Lets say the strawberry farm produced an income of 50,000. Less 30,000 as capital and
expenses. So you have 20,000 as net income. The fruits will now be applied to the payment of
the interest of the 100,000. The interest is the stipulated interest. Let’s say 12% so 12,000. So
minus 12,000 remaining 8,000. Since it is antichresis what will the creditor do with the 8,000,
he will not return to debtor or keep but will be used to deduct from the principal. So 92,000 na
lng yong naiwan sa principal, next year same process. Suppose the fruits is not sufficient to pay
the interest and the principal during the stipulated period say 5 years. Can the creditor gets the
property as his own? The creditor cannot appropriate it as his own. Pactum commisorium- no
automatic ownership to the creditor. He has to go through the foreclosure proceedings.

Ok debtor has no collateral, walang personal and real property. A person can be collateral but it
is called a co-maker. The co-maker can either be a guarantor or surety. In the event the debtor
fails to pay creditor runs against the person to pay just like collateral the creditor runs after the
property. Now, where does the contract lie?

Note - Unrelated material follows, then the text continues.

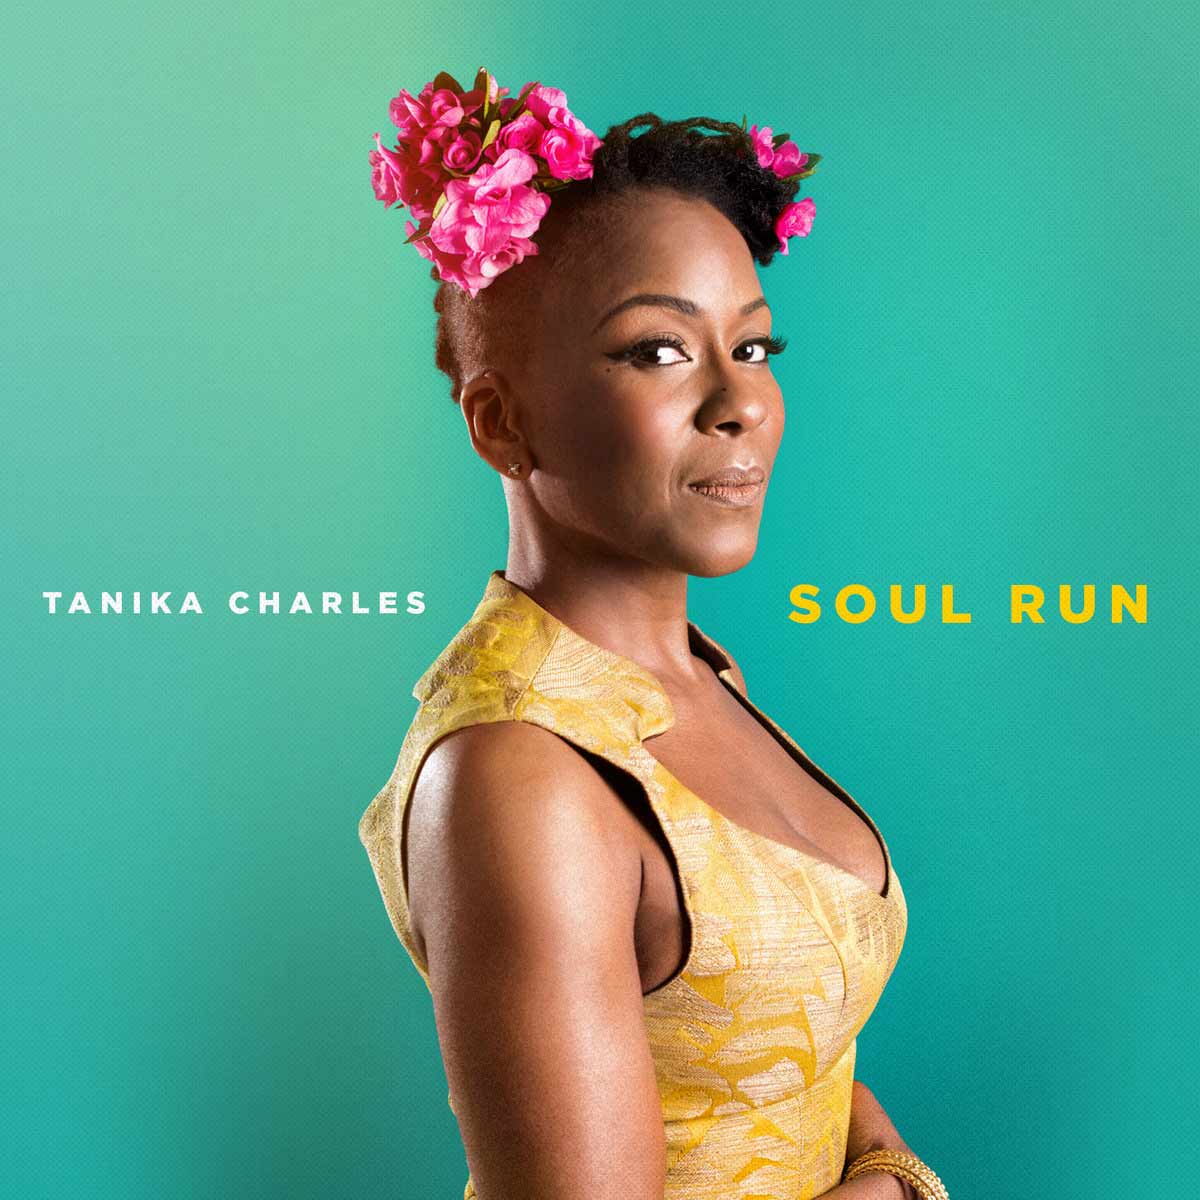 TANIKA CHARLES - Soul Run

So if you have a creditor and a debtor and you have here the guarantor or surety, we have here
a tripartite relationship. Where does the contract lie? The contract of guaranty and surety is
with the guarantor or surety and the creditor. It is an undertaking buy the guarantor that in the
event the debtor fails to pay the guarantor will pay. Certainly, the guarantor/ surety can run
after the debtor if the financial statues of the debtor increase, the G/S can run after the debtor
by virtue of contract of indemnity. It is an implied contract of indemnity.

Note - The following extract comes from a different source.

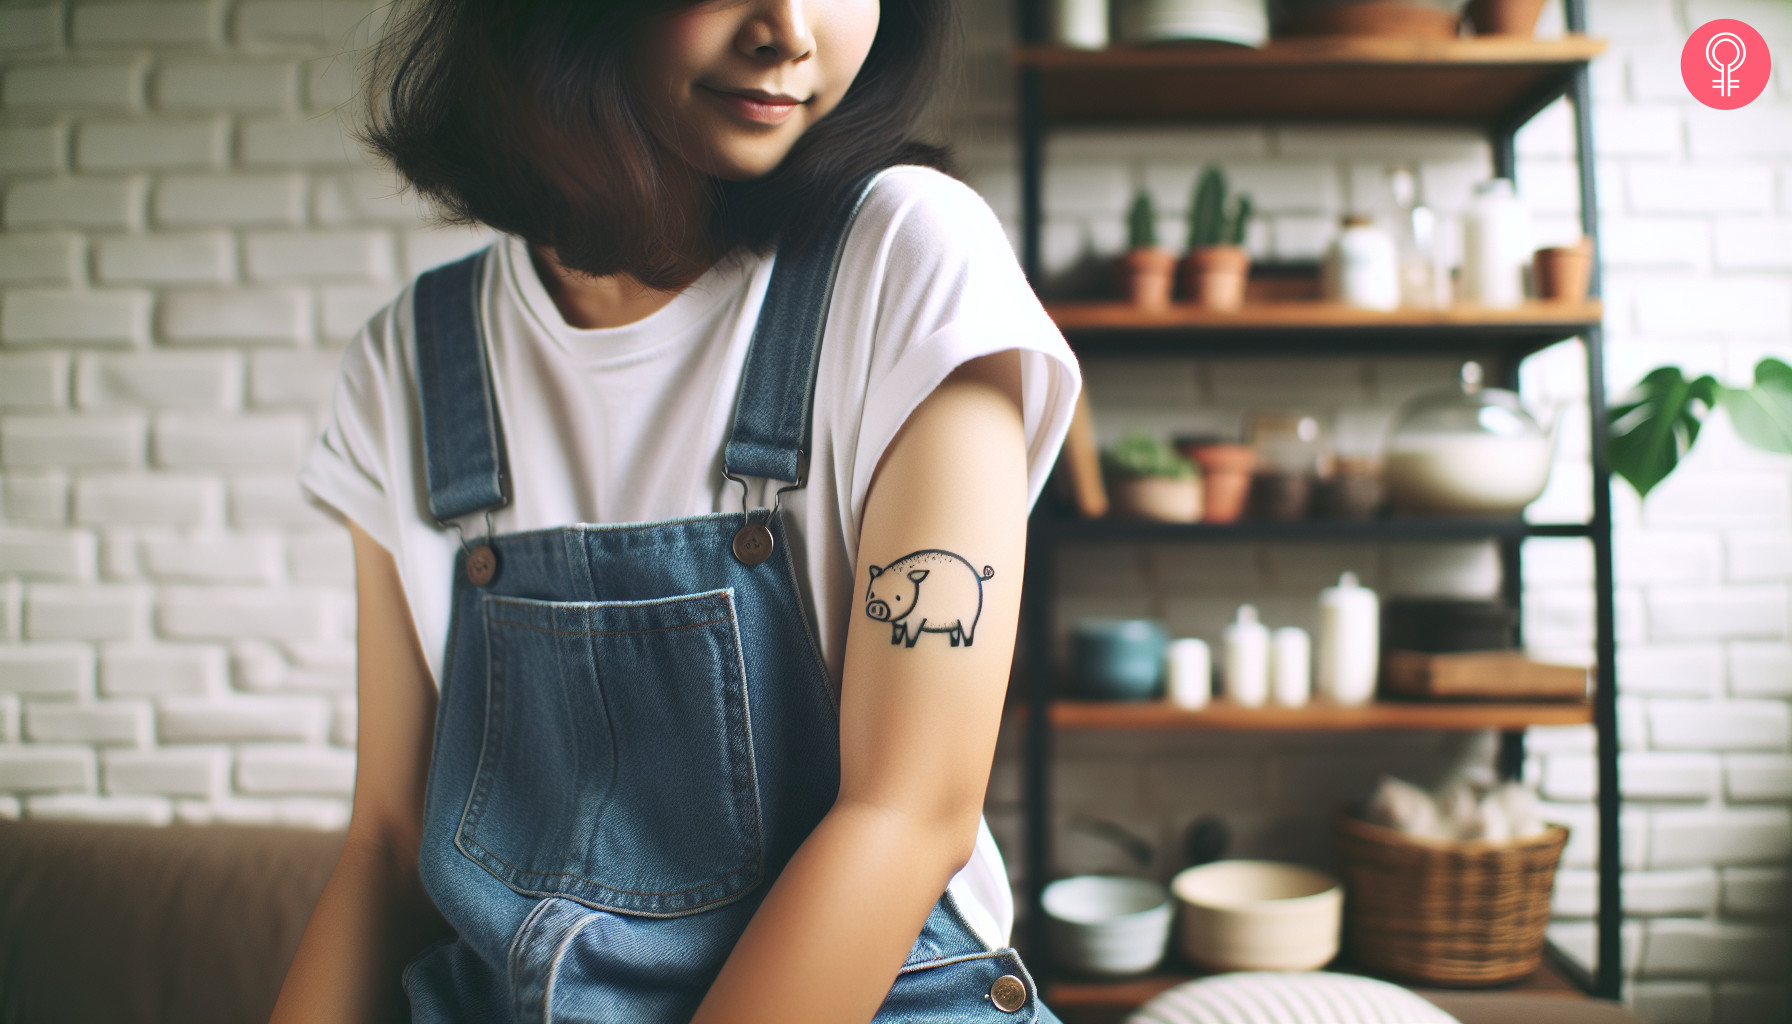 A tattoo of a minimalist pig on a woman’s arm

Now, which is better to be a guarantor or a surety? Guarantor is better because the guarantor
has the benefit of excussion. Excuss is also exhaust. The benefit of the guarantor that before
the creditor can run after him, the creditor must exhaust first all the assets of the debtor. If the
assets are sufficient, there is no need for the creditor to run after the guarantor. No assets then
the creditor run after the guarantor. There are assets but deficient, creditor runs after the
guarantor for the deficiency.

How about in surety? The surety is solitarily liable. If debtor fails to pay, creditor has three
choices, run after the debtor only, run after the surety only, or run after the debtor and the
surety both of them at the same time because the surety is solitarily liable as if he is the
principal debtor. No benefit of excussion.